Minor neurological dysfunction was found in children exposed to the anticoagulants acenocoumarol or phenprocoumon during pregnancy. A group of 306 children were tested at ages 7–15 years to determine subtle neurological effects from anticoagulant exposure. Results showed a dose–response relationship between anticoagulant exposure and minor neurological dysfunction.

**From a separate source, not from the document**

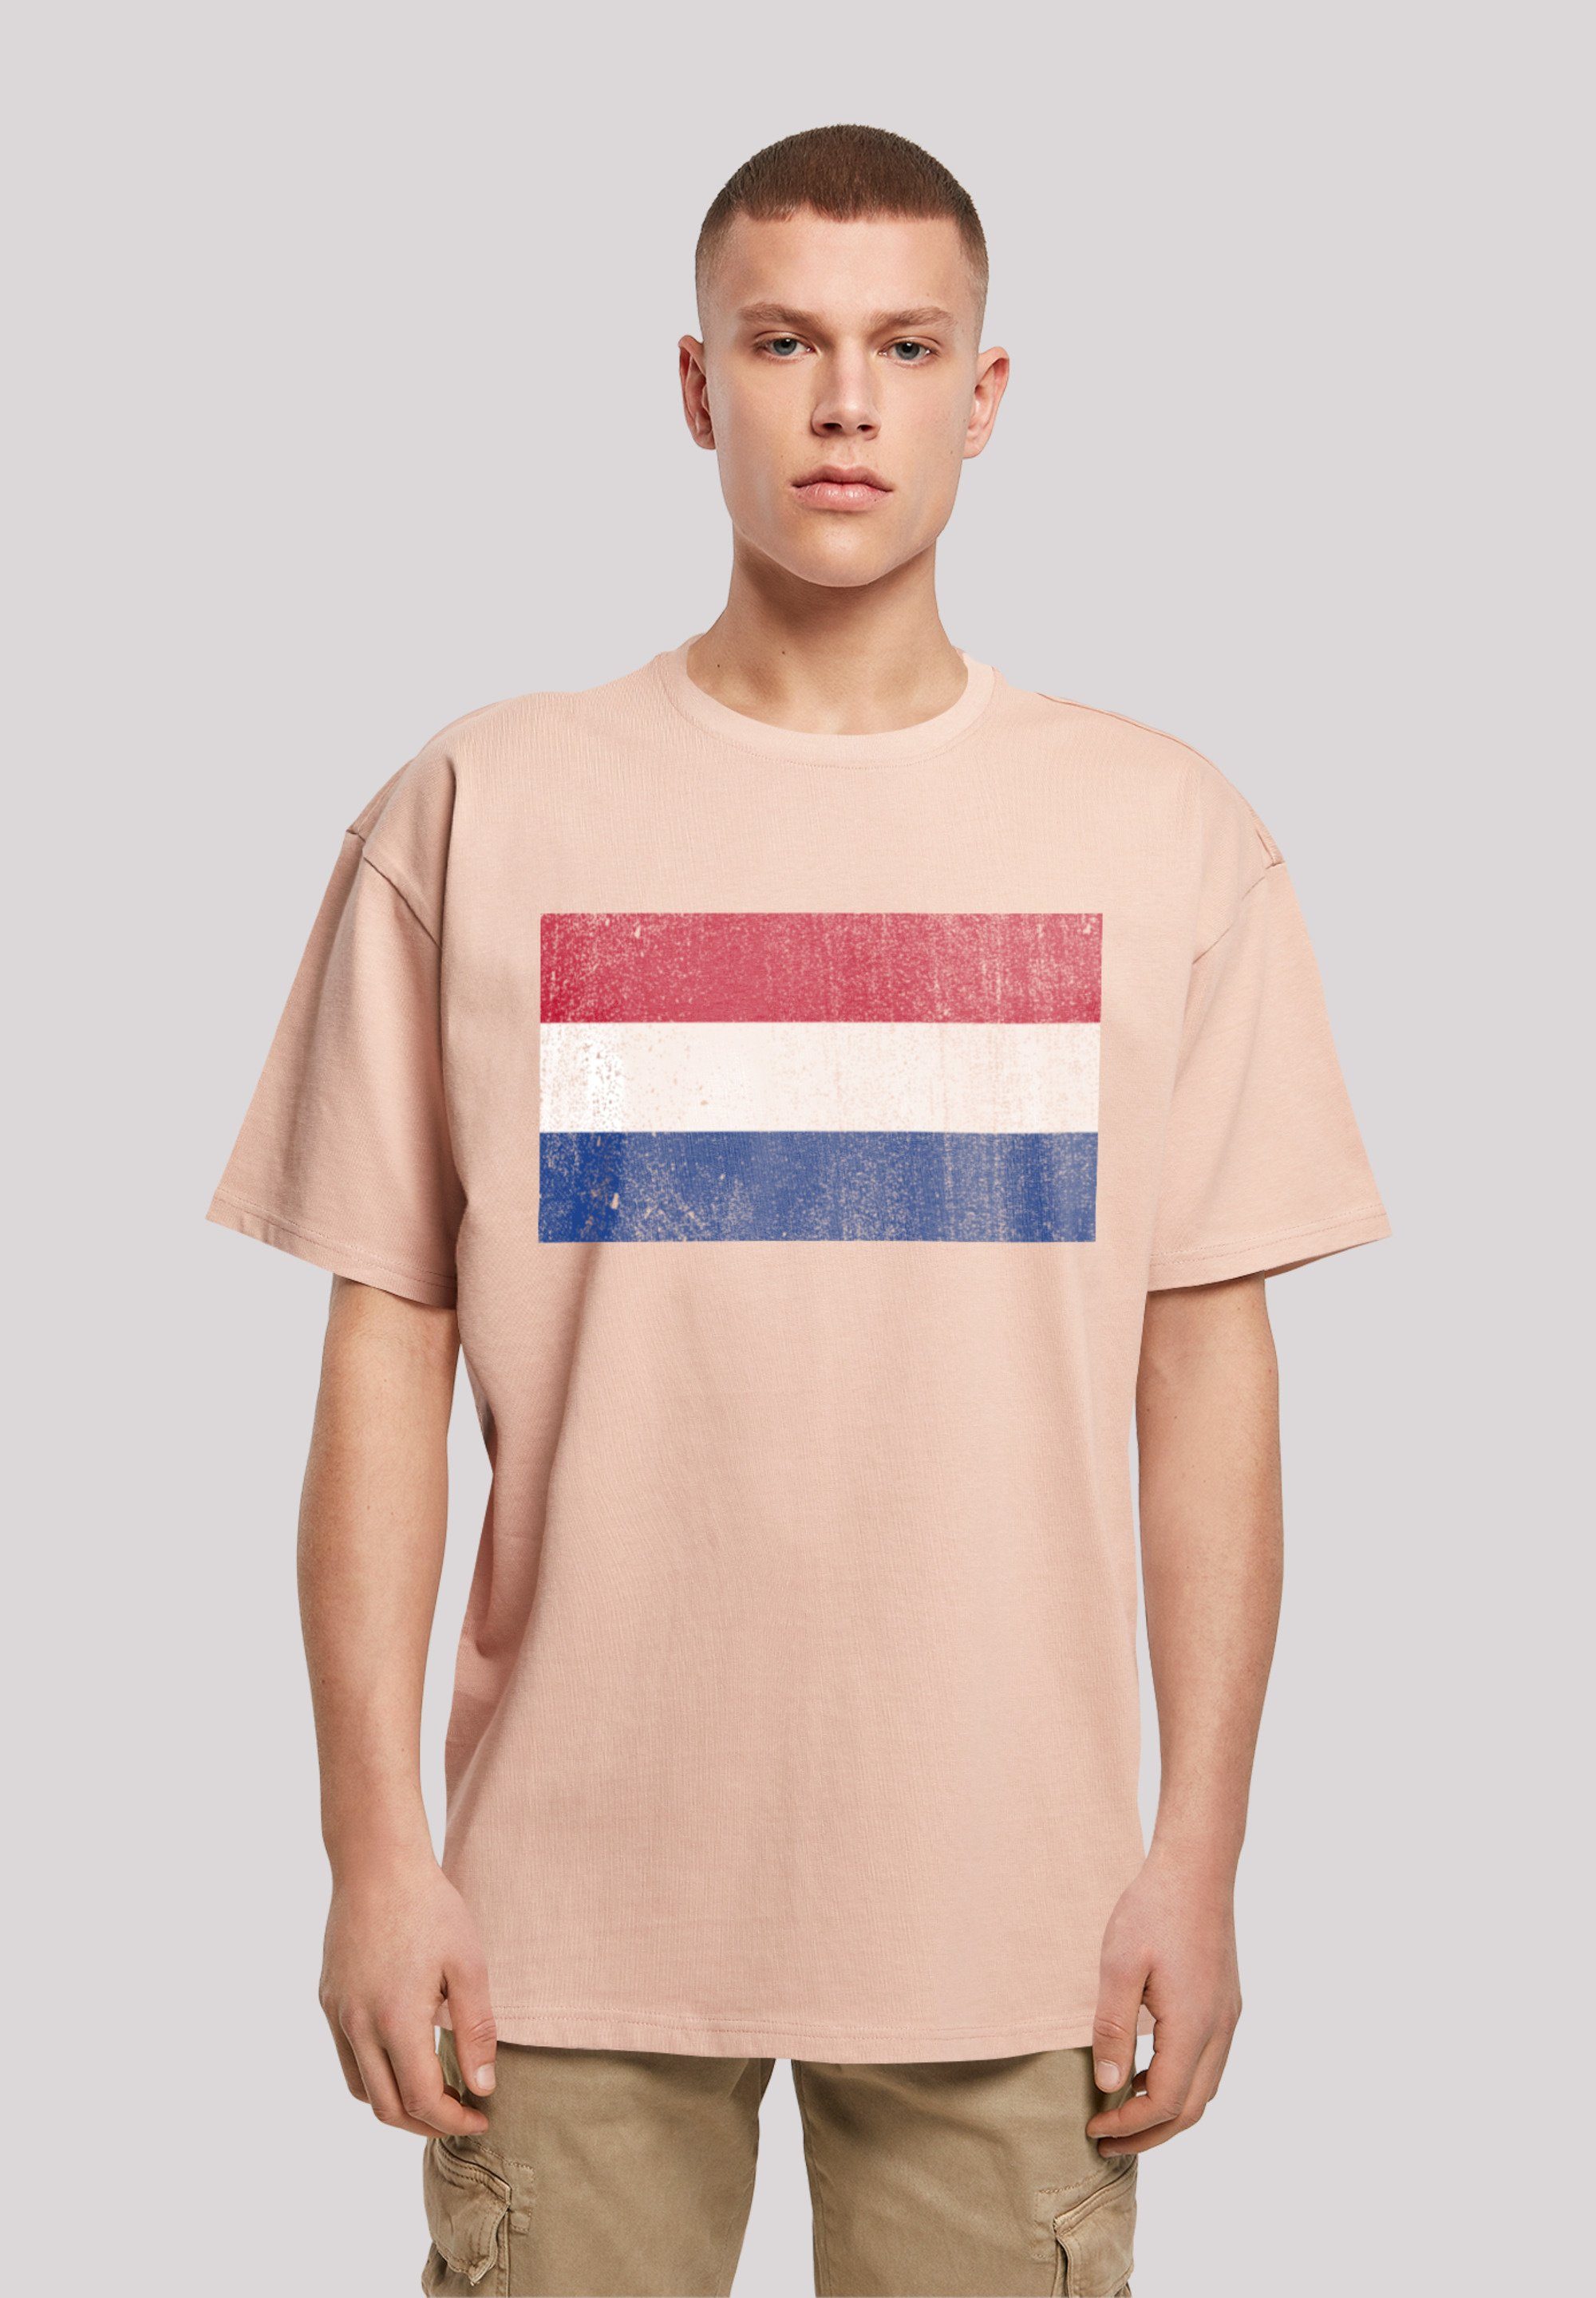 Holland NIederlande Print, Netherlands überschnittene Schultern Passform und F4NT4STIC T-Shirt Flagge Weite distressed

Overall, a 1.9 (90%) increase in minor neurological dysfunction was observed for children exposed to these anticoagulants, which are collectively referred to as "coumarins." In conclusion, researchers stated, "The results suggest that coumarins have an influence on the development of the brain which can lead to mild neurologic dysfunctions in children of school age."

Coumarin's addition to cigarette tobacco by Brown & Williamson caused executive Dr. Jeffrey Wigand to contact CBS's news show 60 Minutes in 1995, charging that a "form of rat poison" was being used as an additive. He held that from a chemist’s point of view, coumarin is an "immediate precursor" to the rodenticide (and prescription drug) coumadin. Dr. Wigand later stated that coumarin itself is dangerous, pointing out that the FDA had banned its addition to human food in 1954. Under his later testimony, he would repeatedly classify coumarin as a "lung-specific carcinogen." In Germany, coumarin is banned as an additive in tobacco.

Alcoholic beverages sold in the European Union are limited to a maximum of 10 mg/L coumarin by law. Cinnamon flavor is generally cassia bark steam-distilled to concentrate the cinnamaldehyde, for example, to about 93%. Clear cinnamon-flavored alcoholic beverages generally test negative for coumarin, but if whole cassia bark is used to make mulled wine, then coumarin shows up at significant levels.